SOL might discontinue honours degree courses

May 28, 2014 09:43 am | Updated 09:43 am IST - NEW DELHI:

Delhi University’s four-year undergraduate programme might just reduce the School of Open Learning from an institute that admits about 1,500 correspondence students for honours degrees every year to a centre offering just diploma, certificate and vocational courses.

This is according to a University Grants Commission letter that was reported to have ordered the university to either bring down all its degrees on an equal footing or else stop offering dual degrees on different conditions.

“We have it on good authority that the UGC sent a letter to the university stating that according to their regulations, a university cannot be offering two types of degrees or dual degrees. It asked the university to either convert the correspondence courses to four-year or else maintain the three-year programme. It was obviously unthinkable for the university to go back on the four-year programme. Therefore, it is seeking to take away all the degrees it is currently offering and plans to call an academic council meeting soon to get this course of action approved,” said Janmejoy Khuntia, a member of the SOL staff association, which plans to stage a protest in front of the director and executive director’s office on the SOL premises.

However, it is not just in this front that the SOL seems to be in the news. The Students’ Union of the SOL has alleged that the university has been trying to divert funds from the school to be used by the university for making regional study centres in Delhi University’s other colleges.

“The colleges are heavily funded by the UGC and DU, too, has ample funds for many of its activities, but they want to use the money deposited by students in the SOL to create study centres in colleges. This is wrong. There is talk that land in East Delhi and some other areas will be used to build centres out of the fees collected by students. Whereas the infrastructure and building funds have to be used out of the UGC funds that the university has.

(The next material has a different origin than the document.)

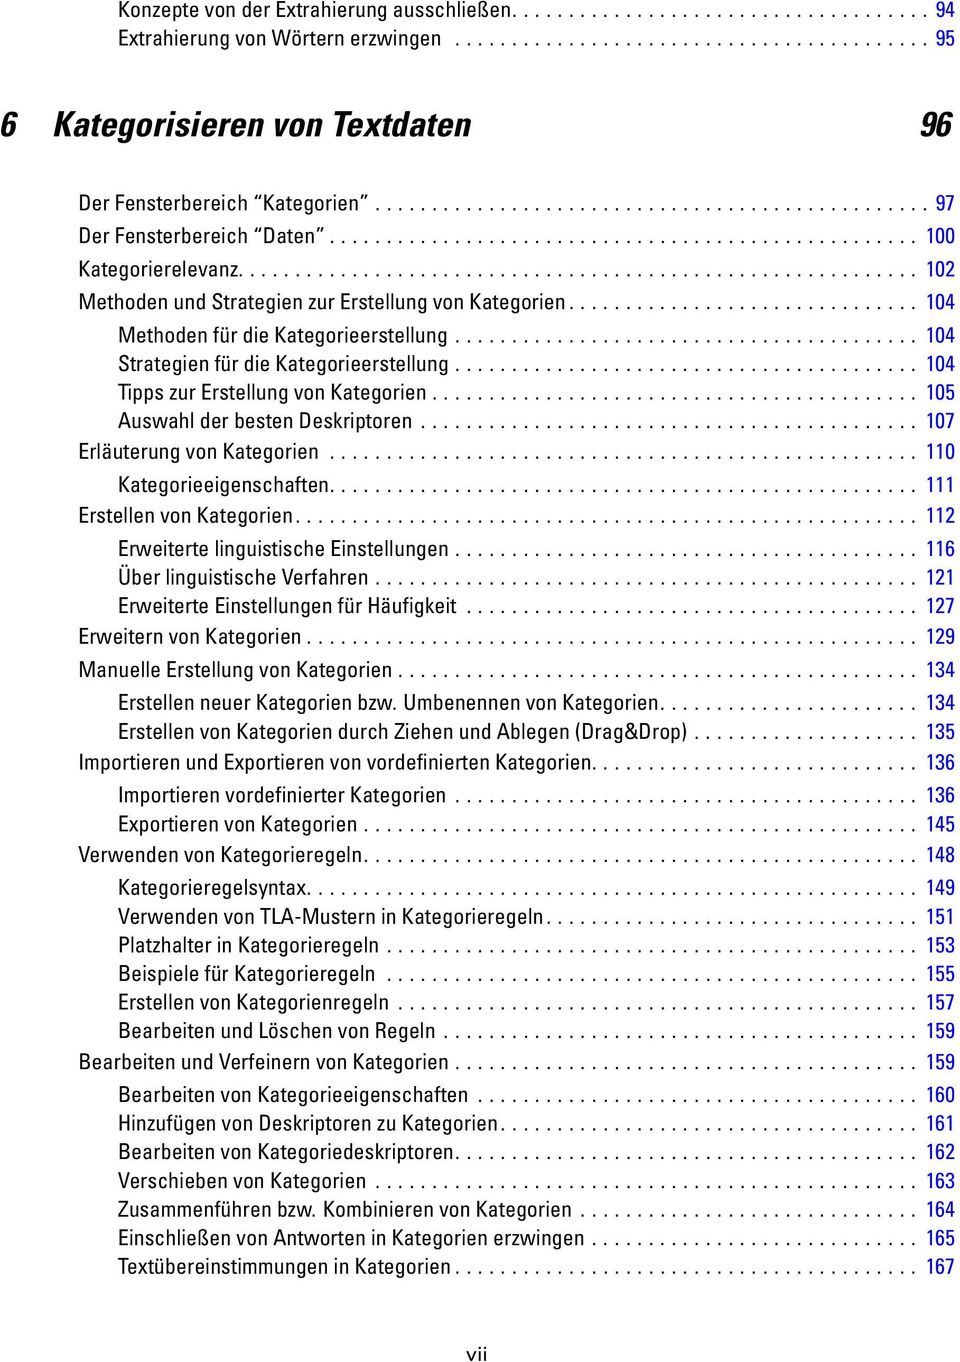 .. 105 AuswahlderbestenDeskriptoren... 107 rläuterungvonkategorien... 110 Kategorieeigenschaften... 111 rstellenvonkategorien... 112 rweitertelinguistischeinstellungen... 116 ÜberlinguistischeVerfahren.

There is also talk that college principals will be paid Rs.25,000 a month to let out their premises to be used as centres,” said Mohammad Shahnawaz, the union president.

The union, too, was concerned about the university converting all its academic courses to vocational courses. “If our concerns are not met, we will be starting a struggle,” added Shahnawaz.

Incidentally, the SOL is all set to make it to the 2014 edition of the Limca Book of Records for admitting a record number of students in one day — 4,800 to be exact — in the last admission season according to a communication it received many months ago.